TypeScript: Is there a way to typecheck function arity?

Question

Given the following code:

type Function0<T> = () => T;
type Function1<T, A1> = (arg1: A1) => T;
type Function2<T, A1, A2> = (arg1: A1, arg2: A2) => T;

const foo: Function1<string, any> = () => "hi there";

I'd expect to get some sort of error, because I'm trying to assert some 0-argument function is a type that takes one argument.

However, the following compiles perfectly fine. Is there some way to type-check that these arities exactly match?

Answer 1

By default typescript assumes that a function with fewer parameters can be assign to where a the function will be called with more parameters, as the extra arguments will get ignored and no harm will come of it. A reasonable assumption:

const foo: Function1<string, any> = () => "hi there";
foo("Ignored, but why would that be a problem ?")

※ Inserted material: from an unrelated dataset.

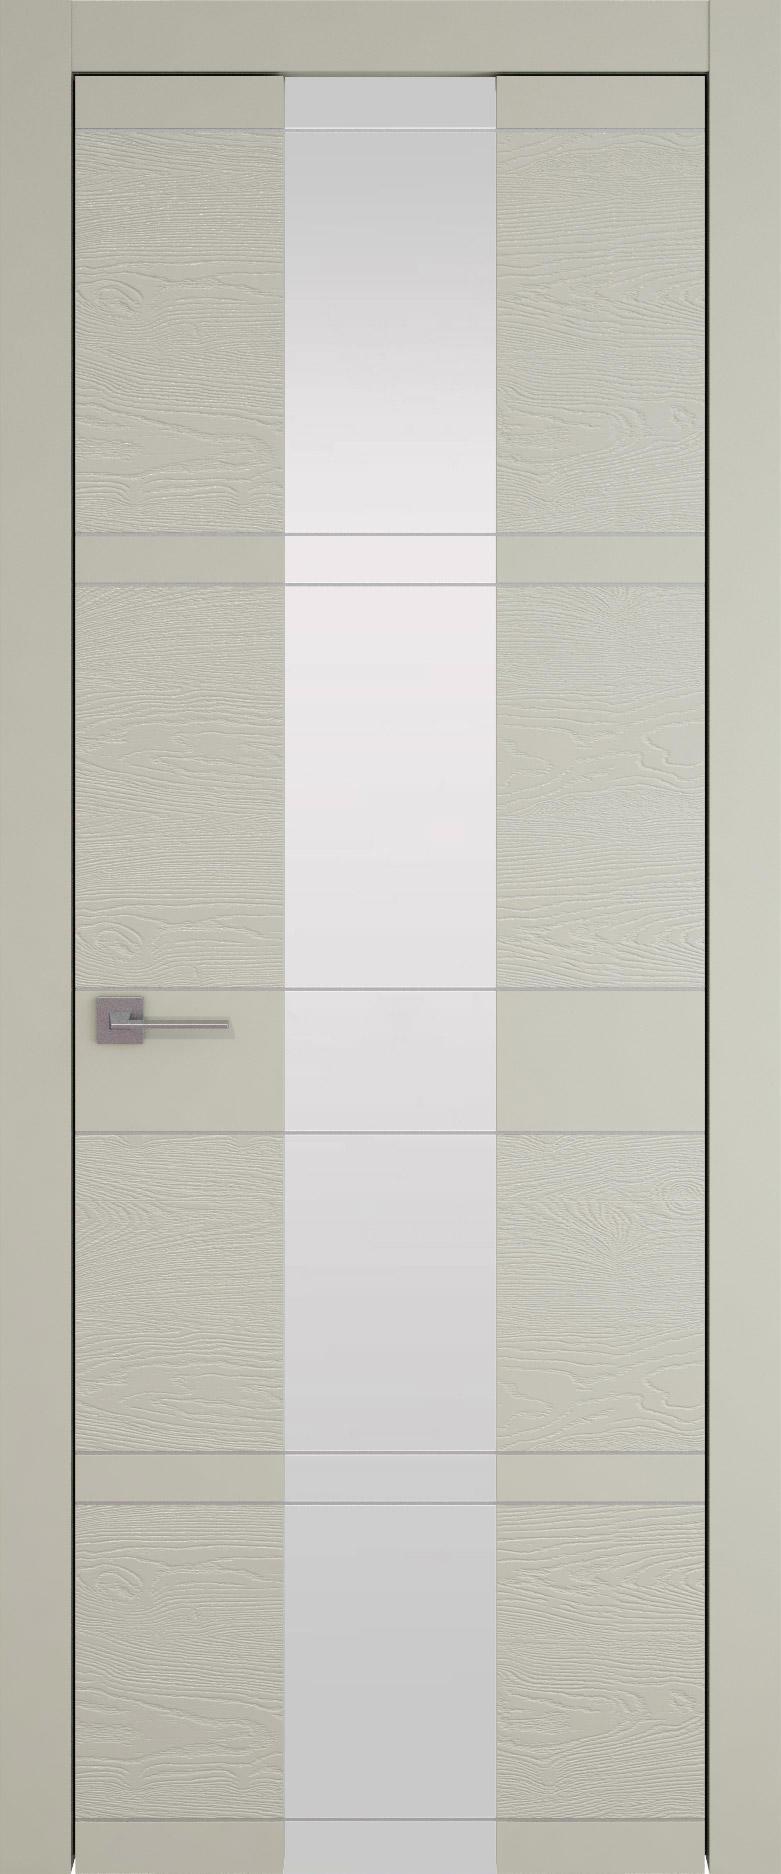 Tivoli Ж-2 цвет - Серо-оливковая эмаль-эмаль по шпону (RAL 7032) Со стеклом (ДО)

That being said, we can in some circumstances force the passed in function to have the same number of parameters as the expected number of parameters. This scenario involves passing the function to another function and using some conditional types to force an error if there are too few arguments:

type IsArg1Valid<T extends (...a: any) => any, E> = Parameters<T>['length'] extends 1 ? {} : E ;
function withFoo<T extends (arg: string) => any>(foo:  T & IsArg1Valid<T, "You need to pass in a function with a first argument">){

}
withFoo(()=> {}) //Type '() => void' is not assignable to type '"You need to pass in a function with a first argument"'.
withFoo(a=> console.log(a)) //ok
withFoo((a, b)=> console.log(a)) 

Play

Note You should think long and hard if passing in a function with fewer parameters is truly an error, it should be harmless to do so in all circumstances at runtime. The only argument for it might be that the caller might overlook useful passed in parameters, but this might not justify forcing everyone to specify all paramters all the time

Answer 2

This

const foo: Function1<string, any> = () => "hi there";

is no different from a function that declares, but does not use its arguments:

const foo_anyway: Function1<string, any> = (arg1: any) => "hi there";

In Javascript, you will get no error if you call foo_anyway without arguments.

So it does not make sense to report errors about function values that are actually compatible with declared type.

On the other hand, if it needs more arguments, it becomes incompatible and the error is reported if you turn on --strictFunctionTypes (compatibility rules for function types in TypeScript are even less strict by default, see function parameter bivariance)

const foo_error: Function1<string, any> = (arg1: any, arg2: string) => "hi there";

//Type '(arg1: any, arg2: string) => string' is not assignable 
// to type 'Function1<string, any>'.